DESCRIPTION (provided by applicant): The purpose of the present project is to implement a new RFID tagging system for rapid identification of vials in biorepositories. It is based on the PharmaSeq laser light- activated microtransponder, which is also known as a p-Chip. Its main advantages are its small size, low cost, inertness (silica-based), and durability under extremes of temperature. P-Chips have been shown to be viable and easy to read under conditions, such as the presence of frost, where traditional bar code labels fail due to problems related to interference or adhesive failure. Determining the serial ID numbers of p-Chips imbedded in the walls of vials is done with a dedicated reader that can be configured in several ways. The software associates a particular vial ID with a database to determine the provenance of the sample. Reading is extremely rapid giving the opportunity to maintain (or be close to) the storage temperature during polling. The main goals of this project are to: (1) design and optimize the process for embedding p-Chips in one or more types of sample vials for use at varying storage temperatures; (2) modify the existing p-Chip/reader system for use with vials, including designing and implementing bench-top readers that can either poll single vials or entire racks of vials; (3) improve key features of the p-Chips themselves for very low temperature conditions; (4) provide software routines that are compatible with existing enterprise systems for biorepositories; and (5) to validate the system with several collaborators. Successful completion of this work will result in a method and standard operating procedures that will improve sample storage techniques and provide more reliable samples to the biomedical research community. PUBLIC HEALTH RELEVANCE: Biorepositories play an important role in basic and applied biological and medical research. A key issue for many researchers is the availability of high quality tissue, cell, and other types of samples whose identify is well characterized, and not compromised. The new electronic identification system has the potential to greatly increase the use of RFID technology in sample storage and to help to maintain sample identity and integrity.

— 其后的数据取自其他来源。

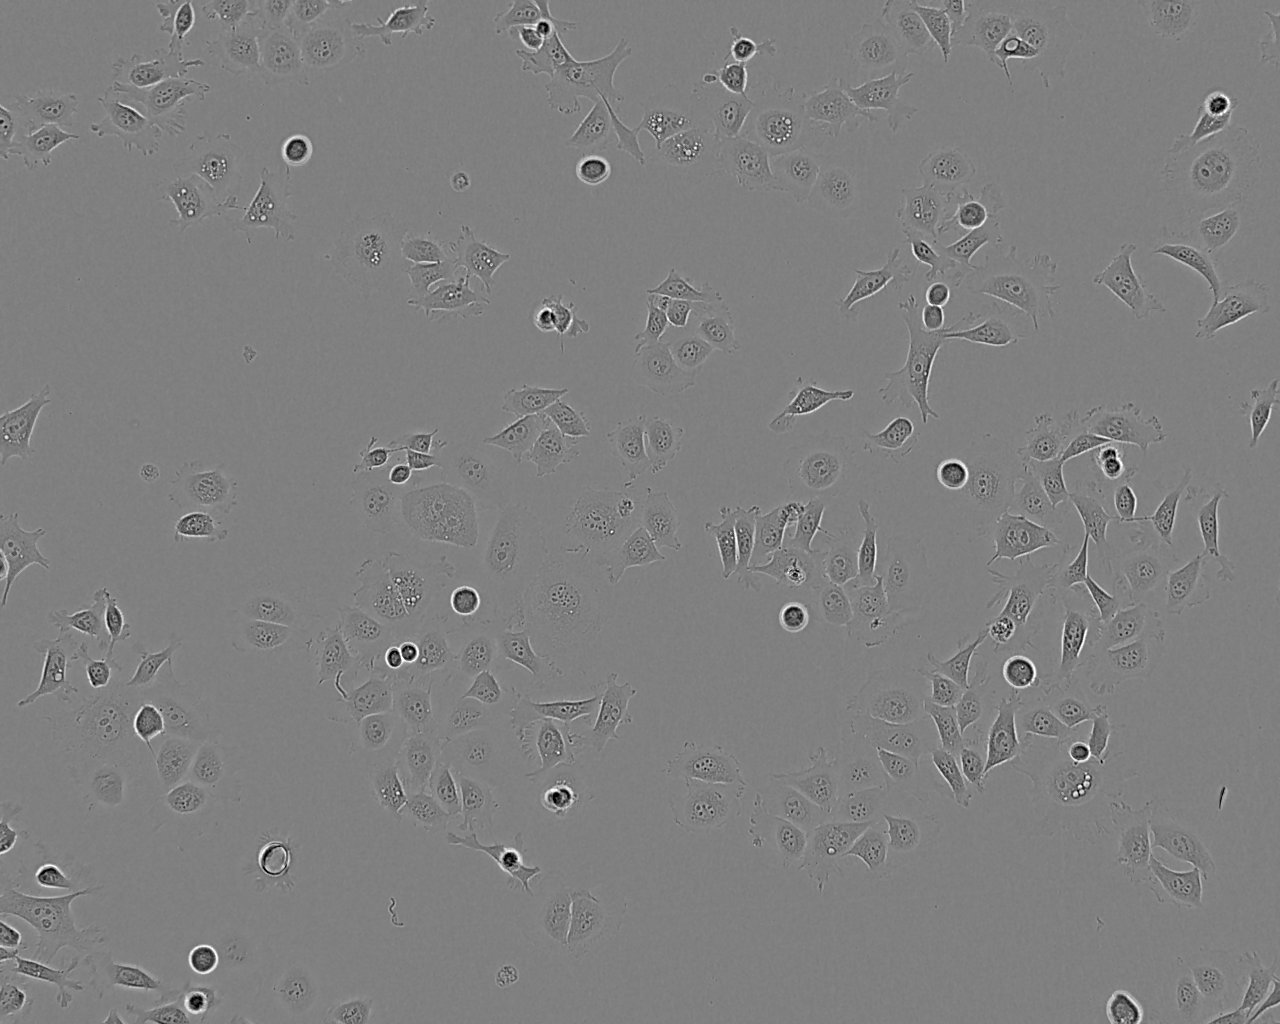 WEHI-164 Cells|小鼠纤维肉瘤可传代细胞系,WEHI-164 Cells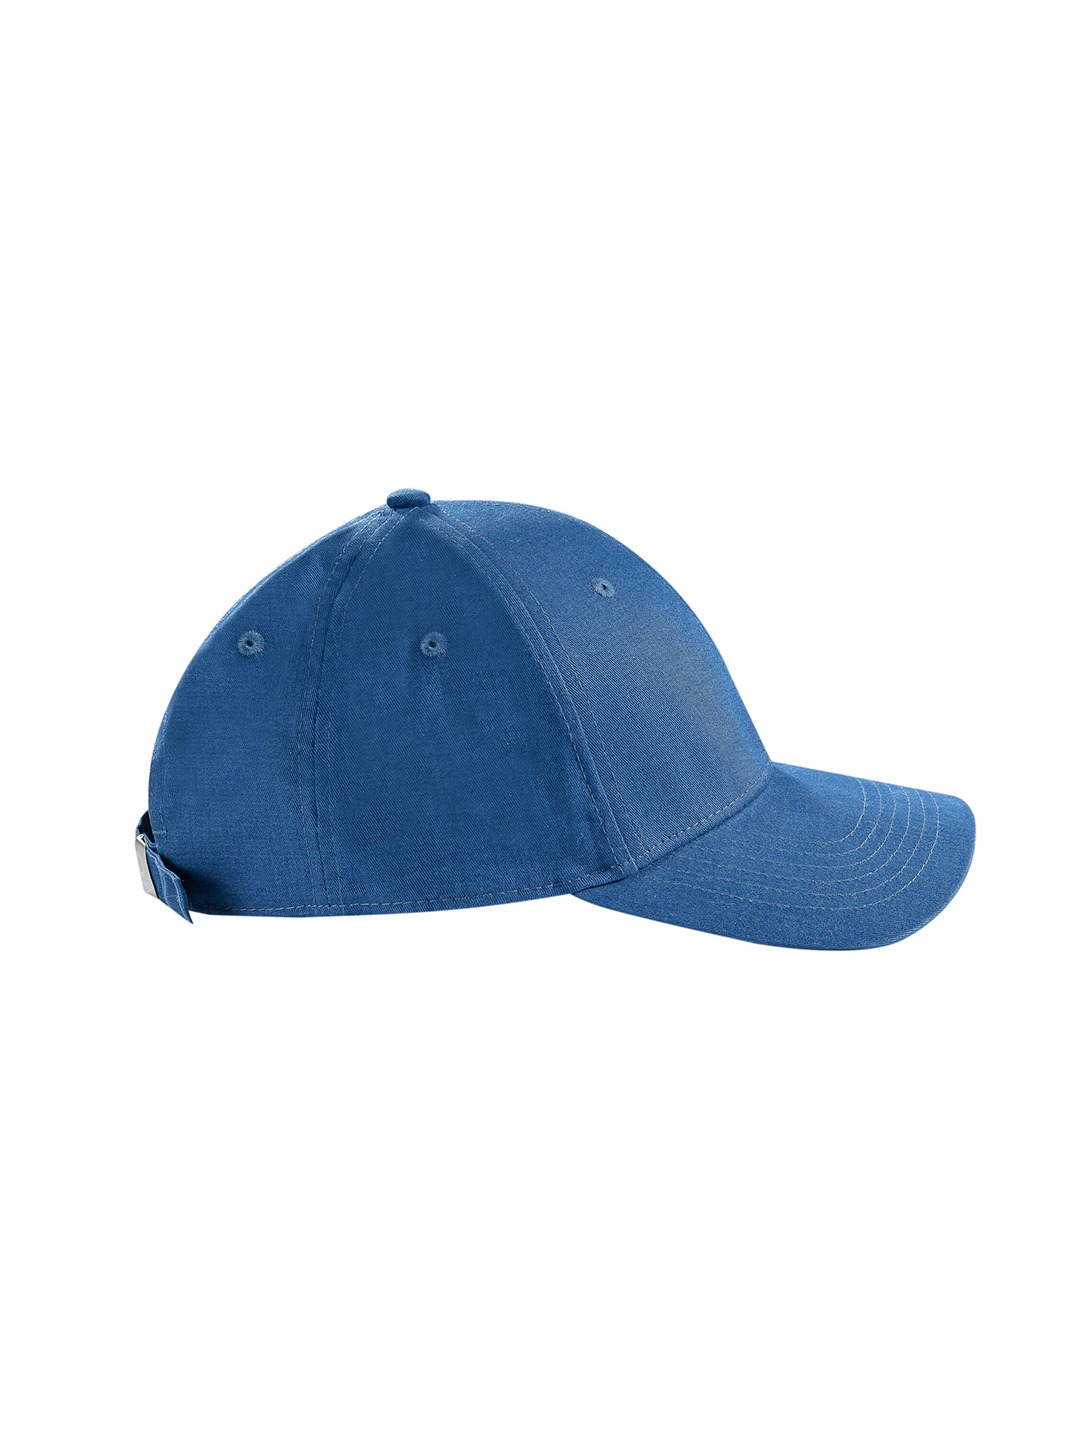 Accessories Caps | Kipsta By Decathlon Unisex Blue Solid Baseball Cap - DT76512

描述（由申请人提供）：本项目的目的是实施一个新的RFID标记系统，以快速识别生物库中的小瓶。它基于Pharmaseq Laser光激活的微转带，该微转带器也称为P-Chip。它的主要优点是其尺寸很小，低成本，惰性（基于二氧化硅）以及在极端温度下的耐用性。 P-CHIP已被证明是可行的，易于阅读的条件，例如Frost的存在，在霜冻的存在下，由于与干扰或粘合剂失败有关的问题，传统条形码标签失败了。确定嵌入在小瓶墙壁的p-chip的序列ID号是由可以通过多种方式配置的专用读取器完成的。该软件将特定的小瓶ID与数据库相关联，以确定样本的出处。阅读非常迅速，使得在轮询过程中保持（或接近）存储温度的机会。该项目的主要目标是：（1）设计和优化将P-CHIP嵌入一种或多种类型的样品小瓶中的过程，以在不同的存储温度下使用； （2）修改现有的p-chip/读取器系统以与小瓶一起使用，包括设计和实施台式读取器，这些台式读取器可以轮询单小瓶或整个小瓶架； （3）在非常低的温度条件下，提高了P-CHIP自己的关键特征； （4）提供与现有的生物局企业系统兼容的软件例程； （5）用几个合作者验证系统。这项工作的成功完成将导致一种方法和标准操作程序，该方法将改善样品存储技术，并为生物医学研究界提供更可靠的样本。 公共卫生相关性：生物局体在基础和应用生物学和医学研究中起着重要作用。对于许多研究人员来说，一个关键问题是高质量的组织，细胞和其他类型的样品的可用性，而这些样品的识别表征得很好且不妥协。新的电子识别系统有可能大大增加RFID技术在样品存储中的使用，并有助于维持样本身份和完整性。